On Friday January 27, 2023, the body camera footage of Nichols’ vicious abuse was broadcasted on national television for the world to see. It was circulated and exploited across a multitude of social platforms, prompting many discussions on the graphic and inhumane nature of showing a brutalized Black body for some sort of profitable gain.
Whether it has been a mass shooting or hate crime resulting in the wrongful death of a white person, we have never seen a white body be shown in its most vulnerable state for the sake of visual aid.
Unfortunately, this is just the tip of the iceberg in terms of the complexity of this tragedy.

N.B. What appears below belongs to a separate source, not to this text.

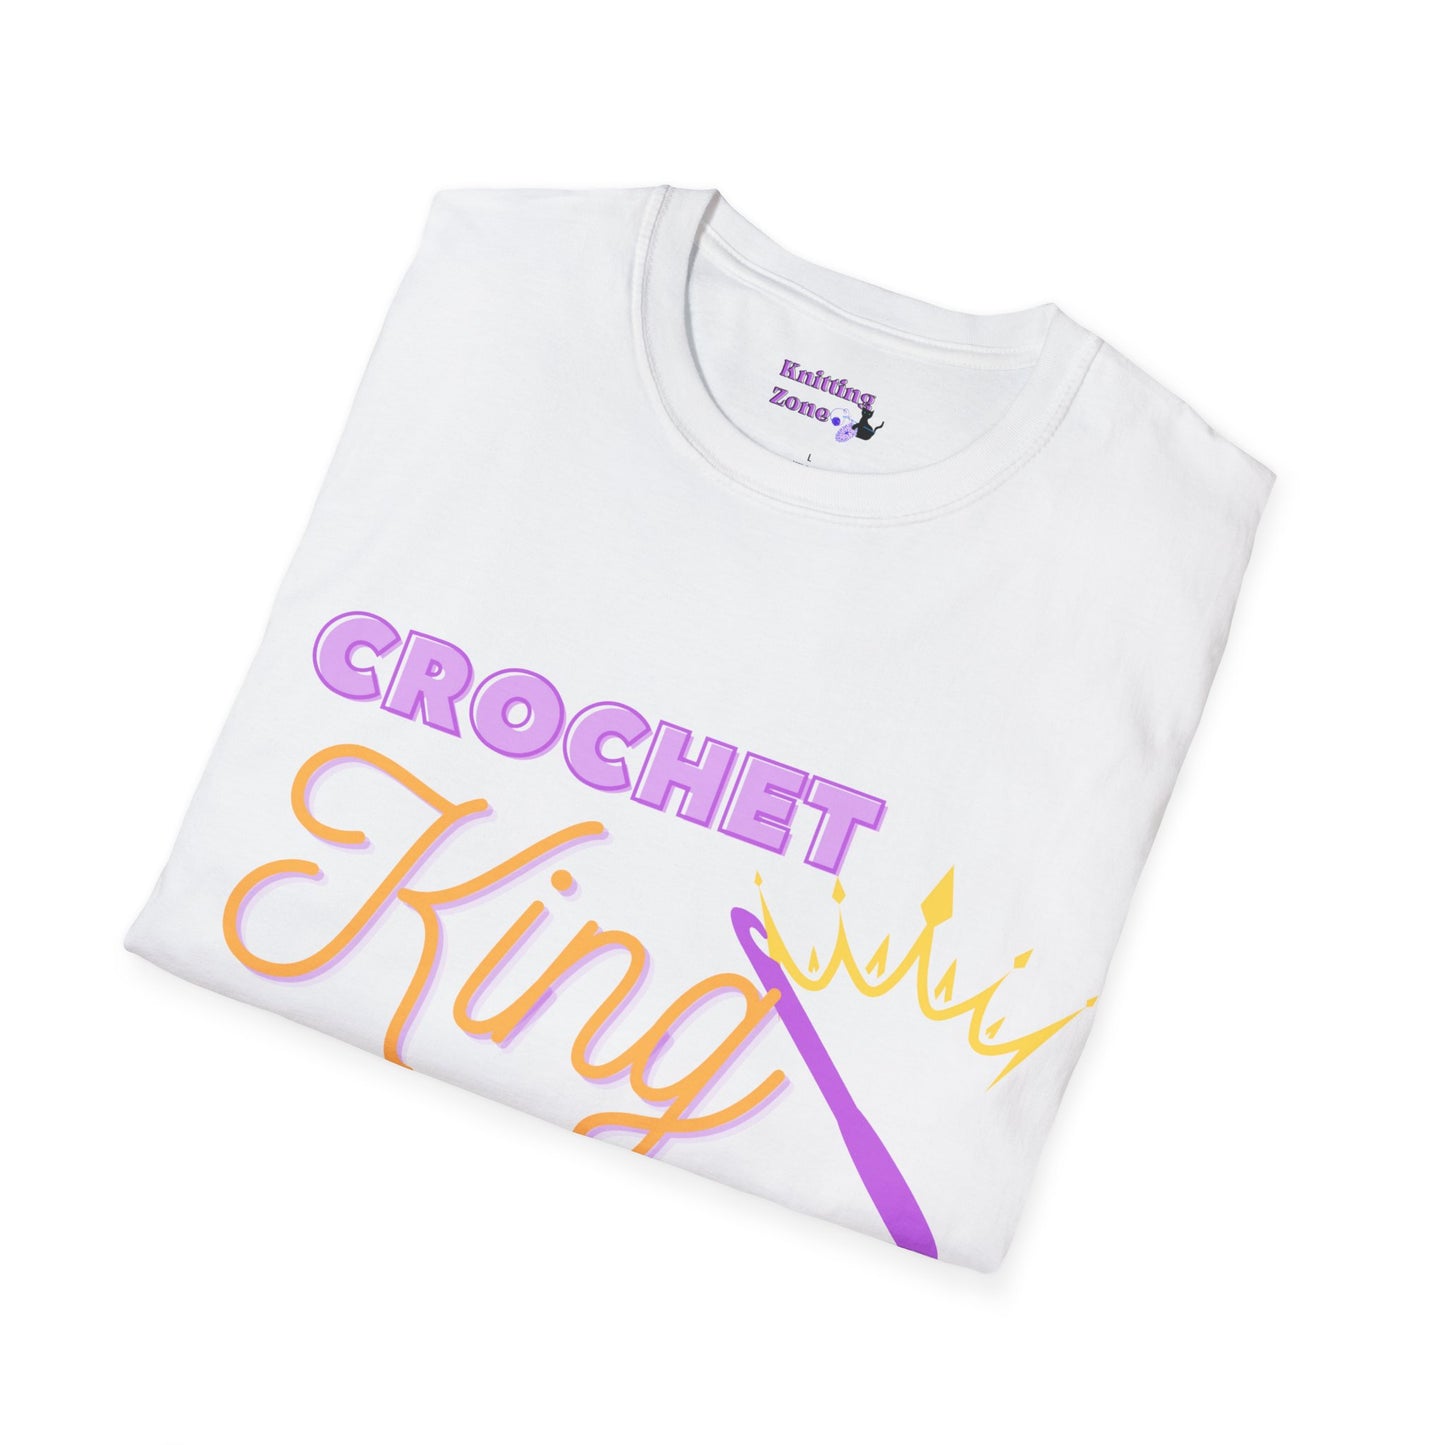 Crochet King Unisex T Shirt

These officers, also Black men, were revealed to be members of a unit on the Memphis police force that was created to prevent violence in the city. They have been charged, as they should, with second degree murder in the case of Nichols’ death.
At a press conference in Memphis’ Mount Olive CME Church, civil rights attorney and activist Benjamin Crump stated “We have never seen swift justice like this.” He continued, “We want to proclaim that this is the blueprint going forward for any time any officers, whether they be Black or white, will be held accountable. No longer can you tell us we got to wait six months to a year.”

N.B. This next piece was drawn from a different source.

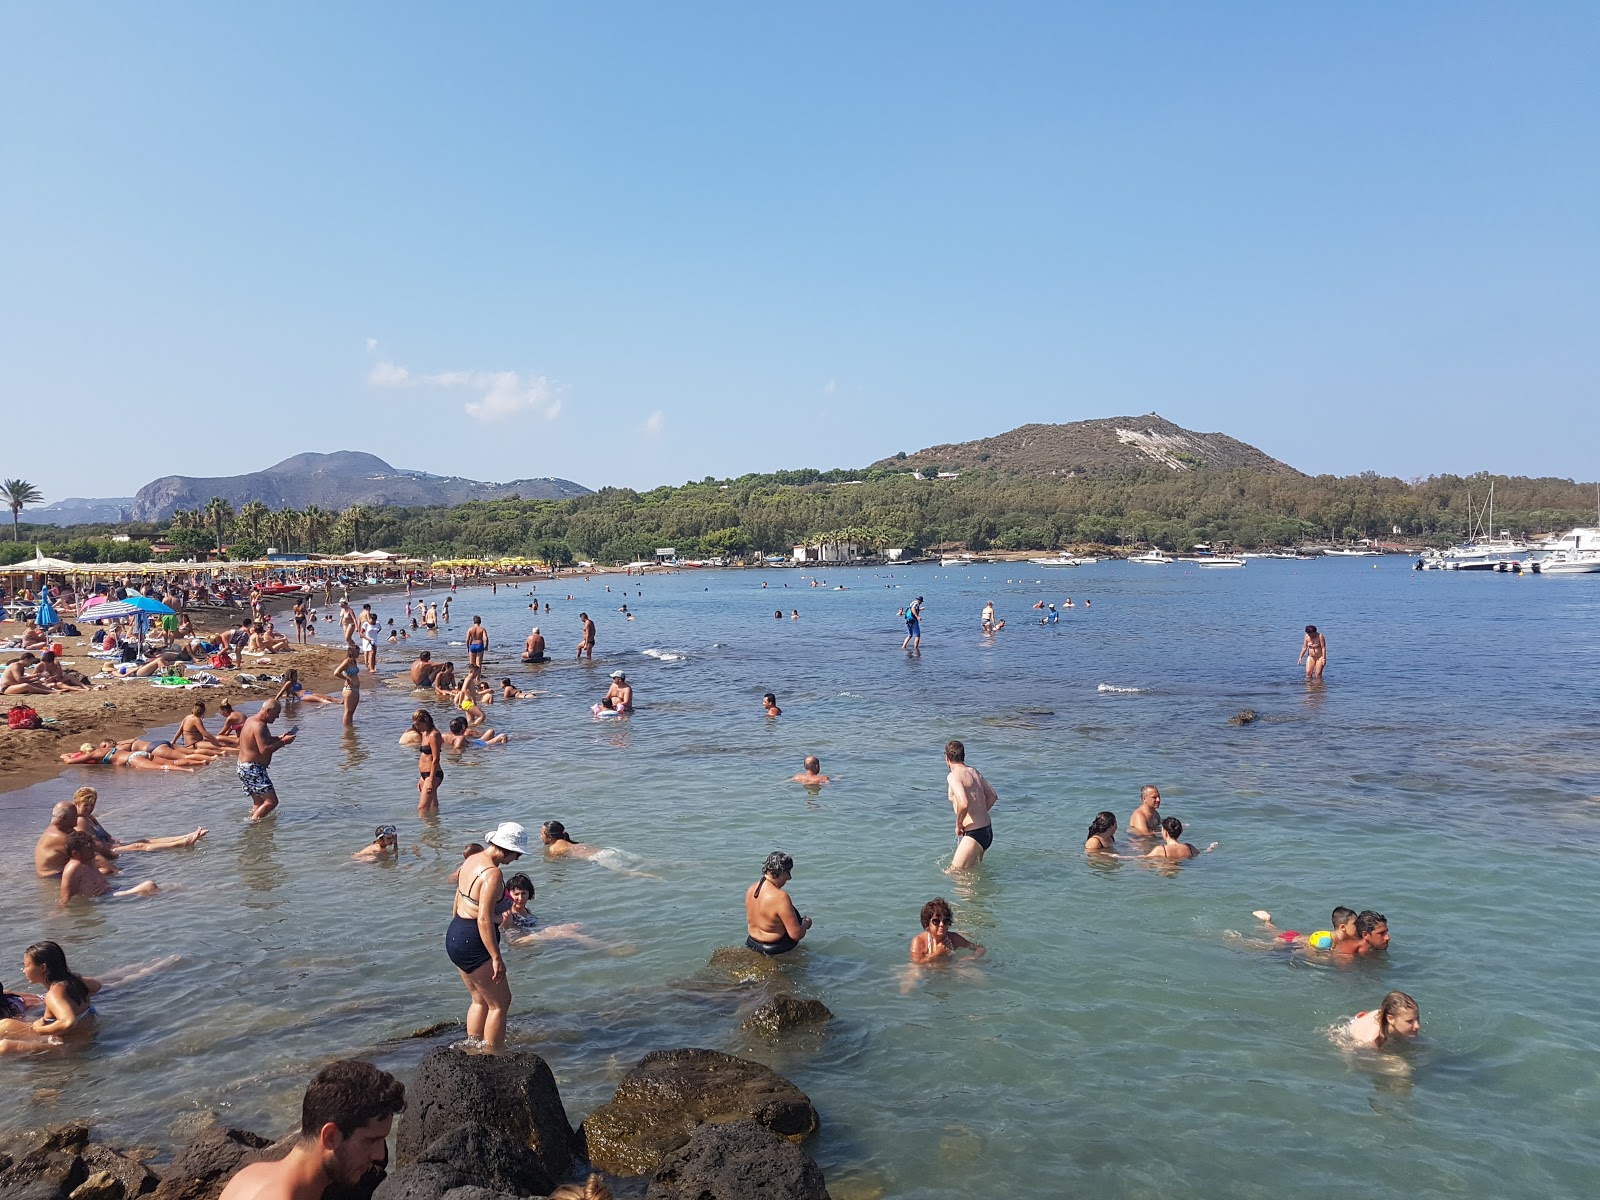 Fotografie cu Acque Calde beach - locul popular printre cunoscătorii de relaxare

Crump is on point with this sentiment. So often when Black folks are murdered by police, we wait for them to receive even an ounce of just repercussions, if at all. Even more frequently, these abusers receive impunity from their actions and get off scot-free. On a grander scale, this conversation is about accountability—equivocal accountability—no matter the color or background of the perpetrator.
“In America, we must continue to face the injustices around race that were written into our founding documents. That this particular case doesn’t neatly conform to a binary narrative—both the victim and the officers were Black —forces us to confront complicated truths. As much as we might seek simple solutions and tidy delineations between good and bad, right and wrong, the real world doesn’t work that way,” noted Dan Rather and Elliot Kirschner in a piece about Nichols’ tragedy.

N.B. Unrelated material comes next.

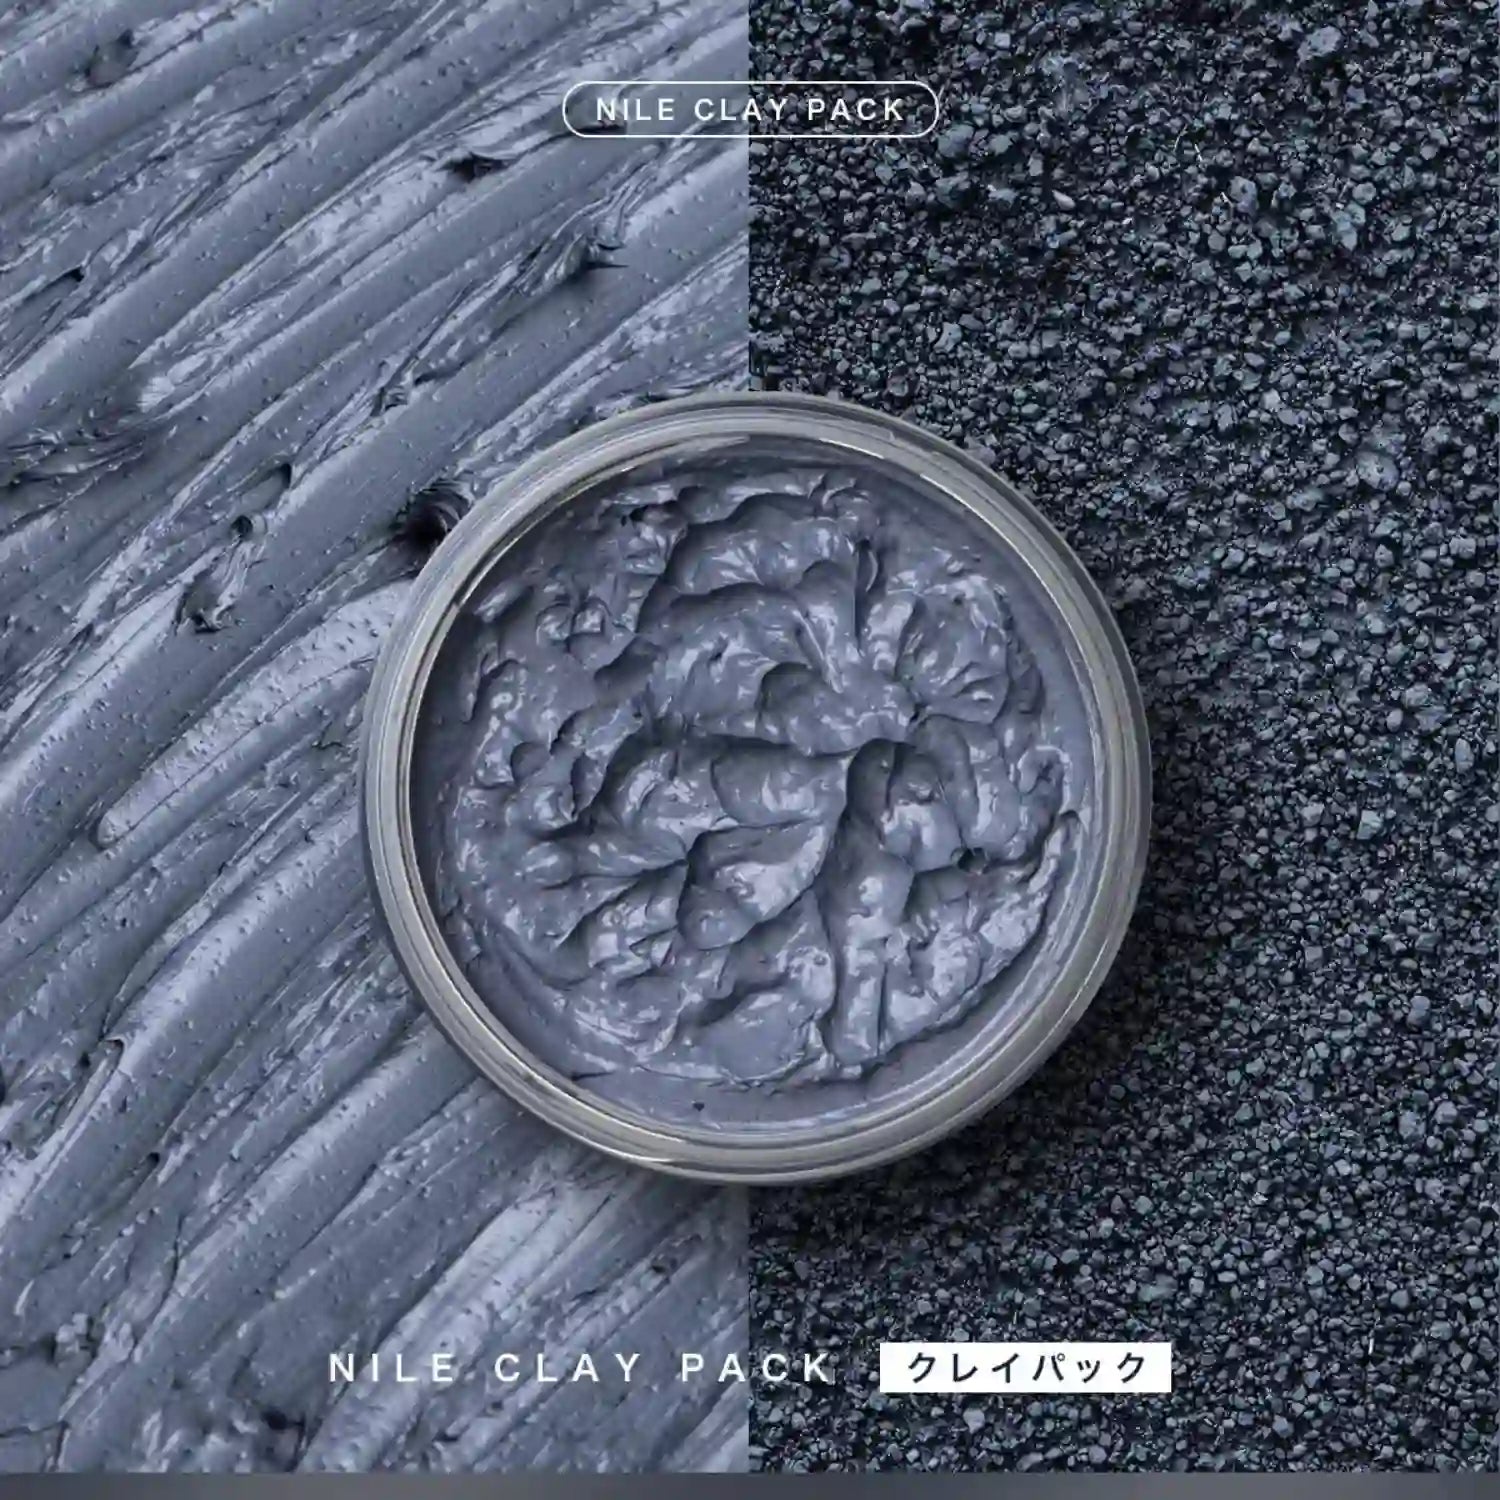 Nile Clay Pack 70g - Buy Me Japan

Tyre Nichols just simply wanted to get home and live another day but America’s corrupt police state did not allow it.
Since the inception of policing in the U.S., there has been an almost seamless transition in power of the role it has played in our communities. To know it began as a method of control by utilizing excessive force and fear mongering against enslaved Blacks in the 1700s is to know that the system is irrevocably connected to this still to this day.